Brief ▸ Return every line from the one with "Lịch thi đấu" through the one with "Стол письменный Mix", inclusive, exactly as it appears below.

Provided records START

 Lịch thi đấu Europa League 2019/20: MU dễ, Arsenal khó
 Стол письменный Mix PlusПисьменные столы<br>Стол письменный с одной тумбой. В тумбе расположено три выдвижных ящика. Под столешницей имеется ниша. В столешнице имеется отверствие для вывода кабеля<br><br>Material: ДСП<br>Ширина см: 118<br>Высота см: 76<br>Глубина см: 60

Provided records END
Provided records START

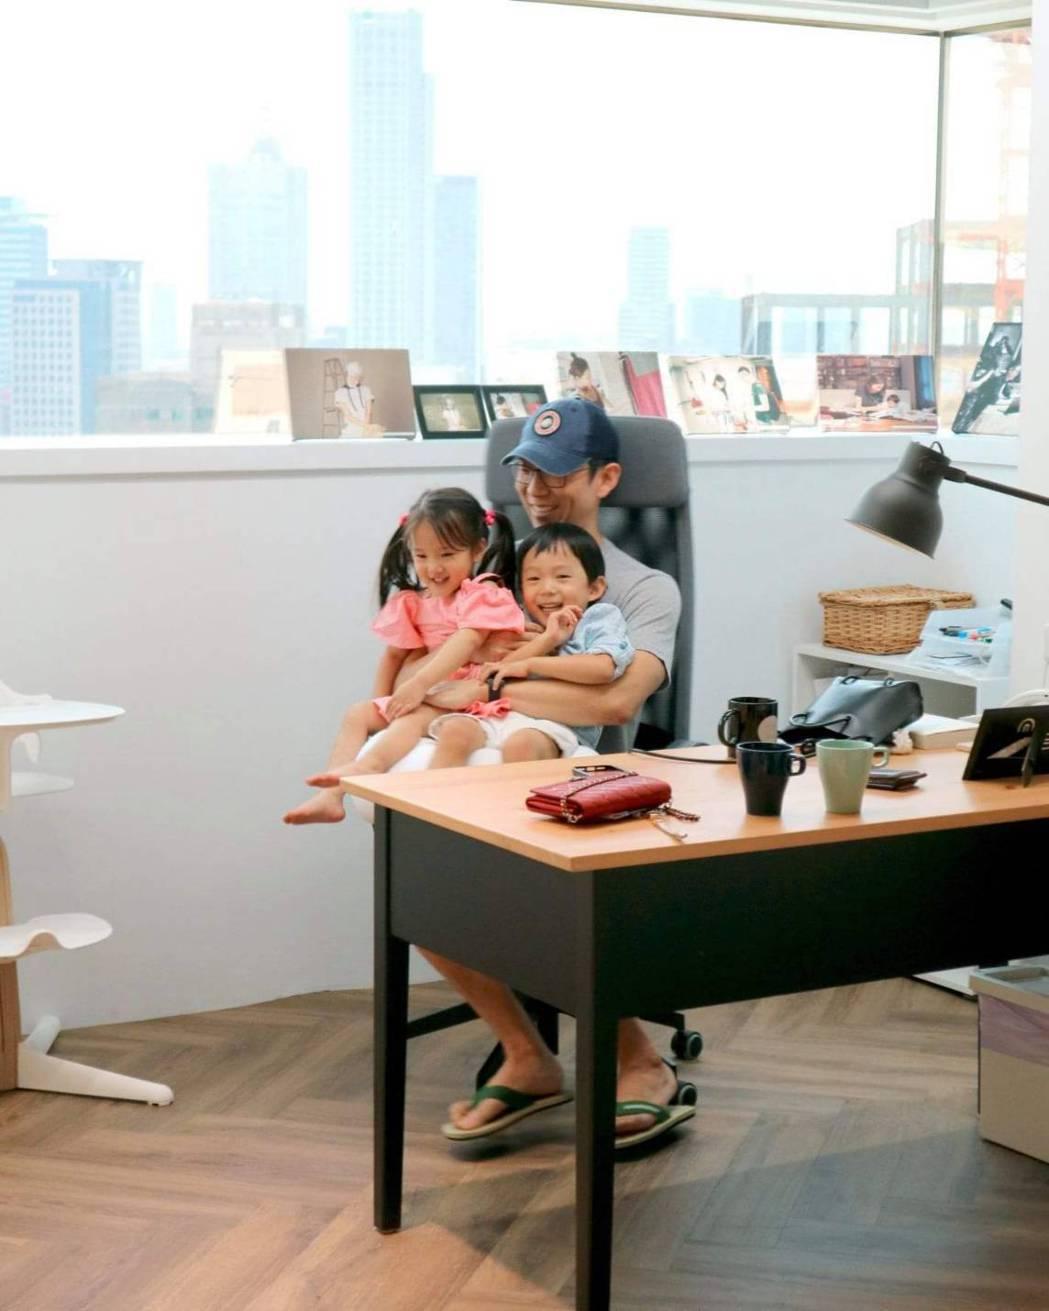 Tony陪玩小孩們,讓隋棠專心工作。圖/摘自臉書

Provided records END
Provided records START

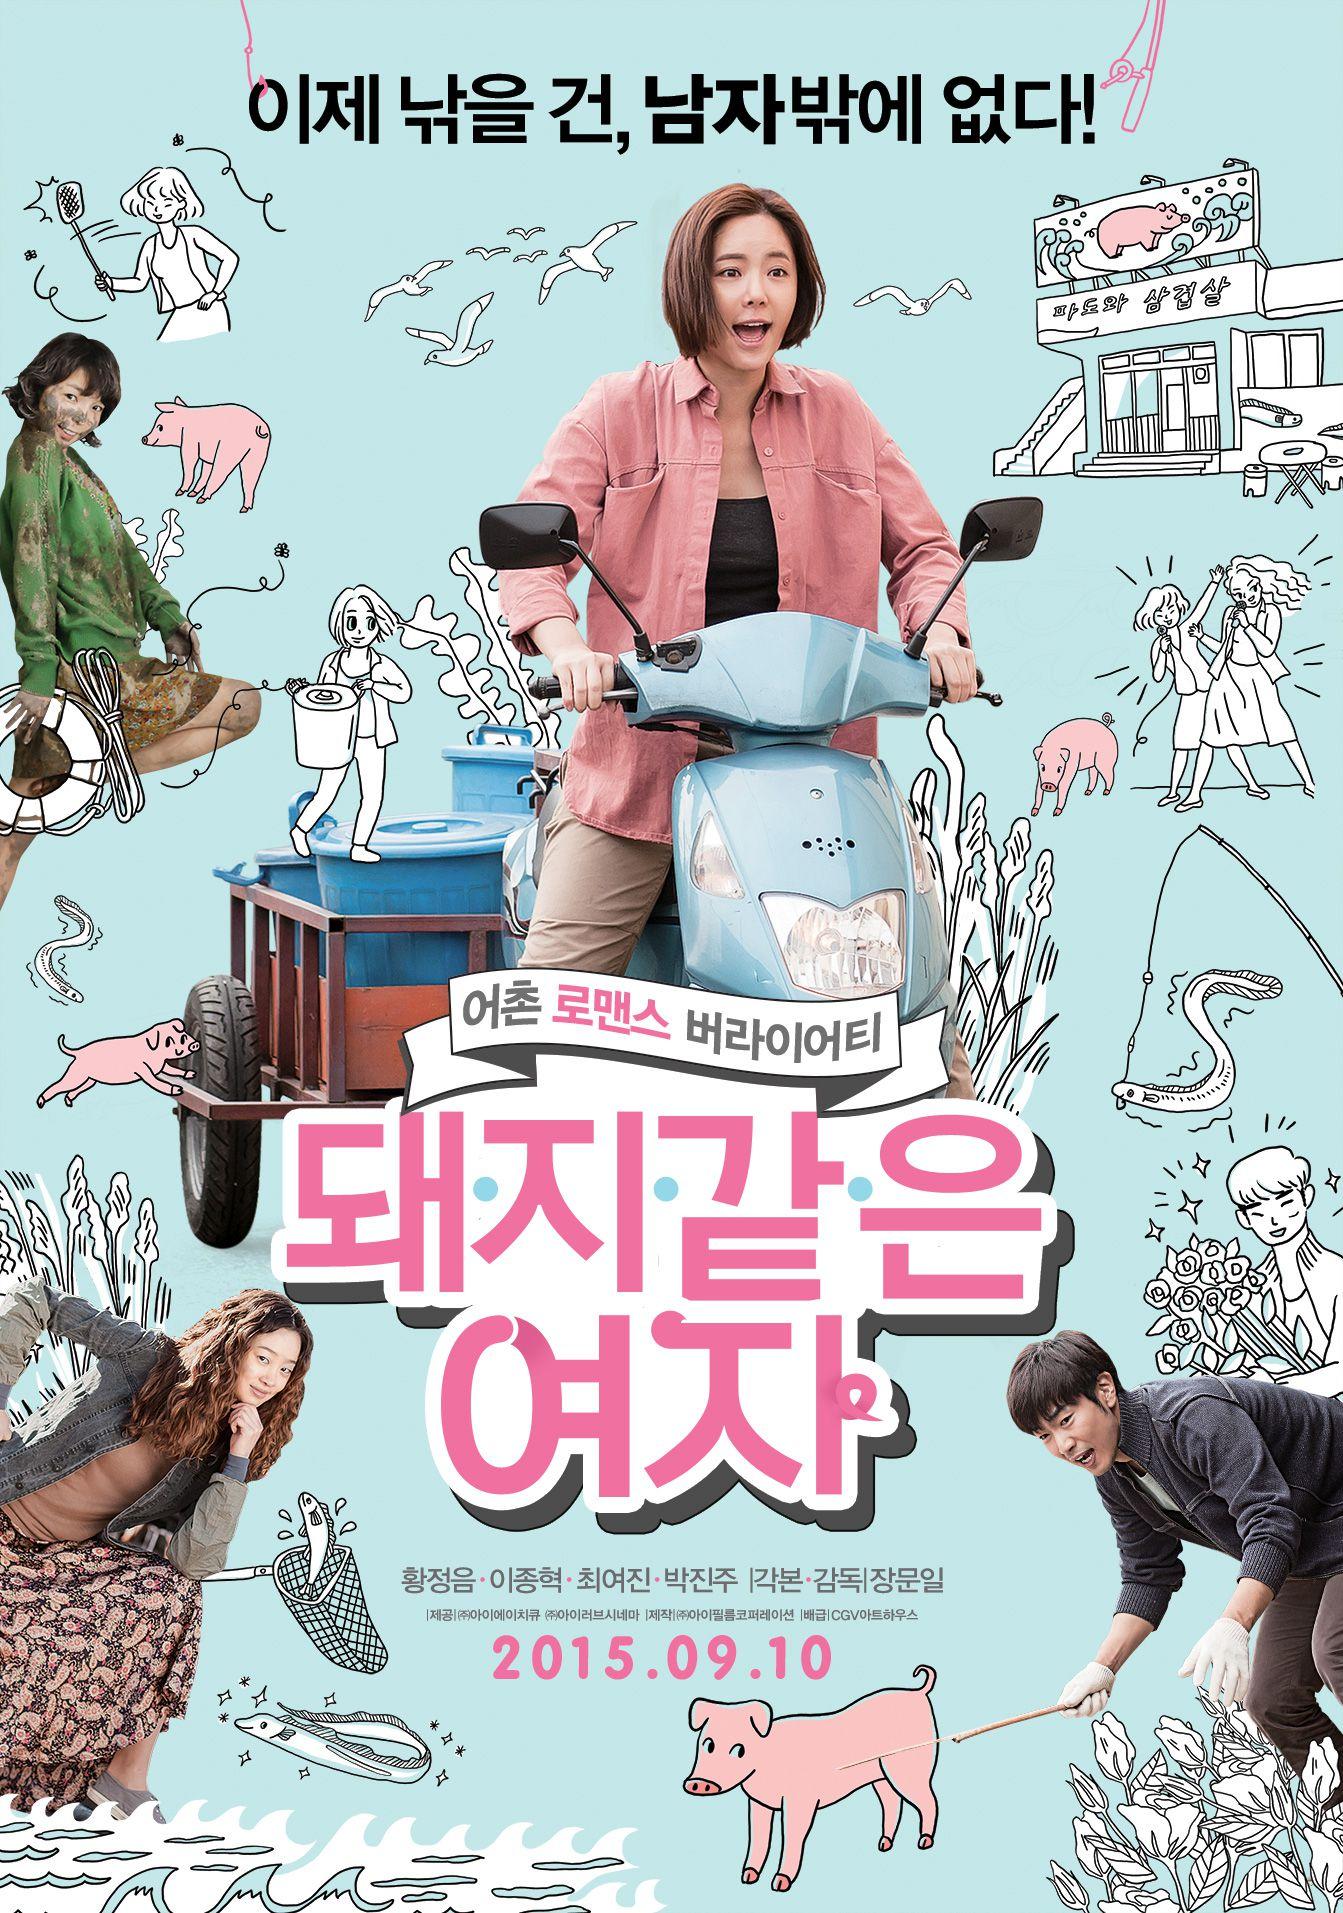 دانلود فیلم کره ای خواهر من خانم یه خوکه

Provided records END

Solved problem ▸
 Lịch thi đấu Europa League 2019/20: MU dễ, Arsenal khó
 Стол письменный Mix PlusПисьменные столы<br>Стол письменный с одной тумбой. В тумбе расположено три выдвижных ящика. Под столешницей имеется ниша. В столешнице имеется отверствие для вывода кабеля<br><br>Material: ДСП<br>Ширина см: 118<br>Высота см: 76<br>Глубина см: 60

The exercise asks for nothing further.